On the subject of Mission Vs. Longevity, there is another consideration here than money: If the student keeps asking the questions untill he finds the answers himself (while learning other usefull things in the mean time), the "Ask Questions Mode" is what moves them, and an answere arrived at is deeper set then an answere spoon-fed by the instructor.

So, if you need to get the student ready for the battlefield ASAP, Mission-Orientation is the obvious way. But if you are in no hurry, and fighting ability is not your No. 1 prioryty, Longevity orientation is not nessecarily a money-grabbing thing.

Charles James said...

Hi, Rory: I will keep my eyes peeled for the book and hope the publisher follows through, thanks!

I am sure you will post it here when it hits the stands.

Josh Kruschke said...

There are, to me, two types of question seekers.

(1) One, poeple that look for complexity and an ever deeper meanning.

(2) Two, those that ask questions to simplify thing. They want to find the underliling principles and concepts.

Neither of these is totaly wrong as you need to beable understand complexity and the ability to use the principle of KISS (Keep It Simple Stupid) to get things done.

I bring this up as a way to understand why someone would choose mission or longevity.

nexted thought; There is a reason why we call marshal arts systems (Ryu)< one of the best books on sytemic thinking is "The Fifth Discipline - The Art & Practice of the Learning Organization" by Peter M. Senge. In it it talks about there being two types of systems;
(1) One, type is renforcing could be for growth or decaying, and
(2) two, balancing; i.e., with in the system there's something or somethings that limmit to much growth or to much decay with in the system.
What I see described falls under the to much decay of ability or maybe it the understand of the original purpos of the art, but that might be what those with in the system want. So this goes back to defining the goals of what we individualy want to accomplish.

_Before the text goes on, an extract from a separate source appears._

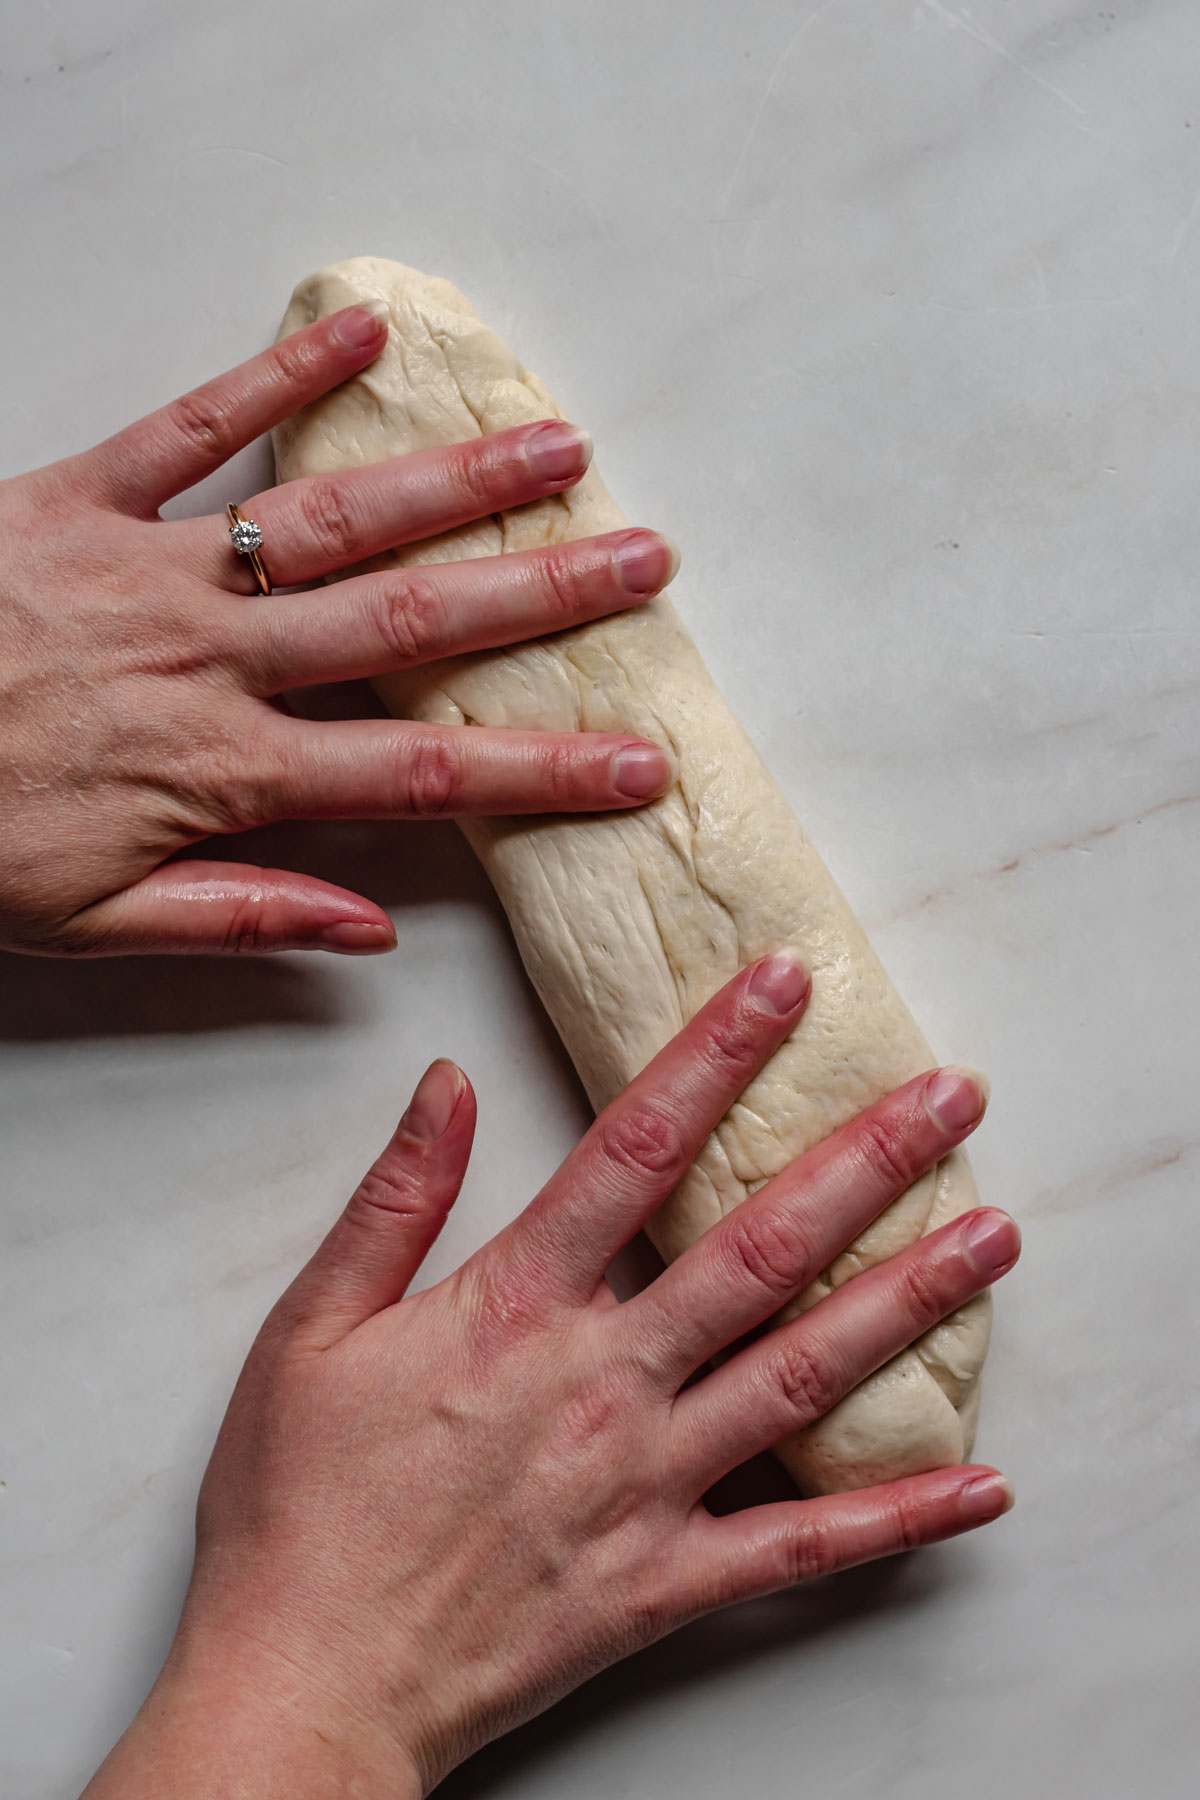 Two hands roll out a piece of pretzel dough.

Ps. Starting to wonder if I can post a short answer to one of your post.

Josh Kruschke said...

An aside: Why did I use the word answer in the last sentance? Is it that I come to a conclusion and treat it as a fact? Maybe this is a look into my own blind spot.

Thanks for another thouhgt provoking and interesting post.
:-)

Not sure if this is where I should be writing this down as I don't want to become a distraction or an annoyance.

Tiff said...

HA! Told you! Congrats, Rory!

I can't friggin' wait for the tidal waves CG is gonna make. And you thought MoV was epic . . .

Unknown said...

Rory, can't wait until the drills ebook!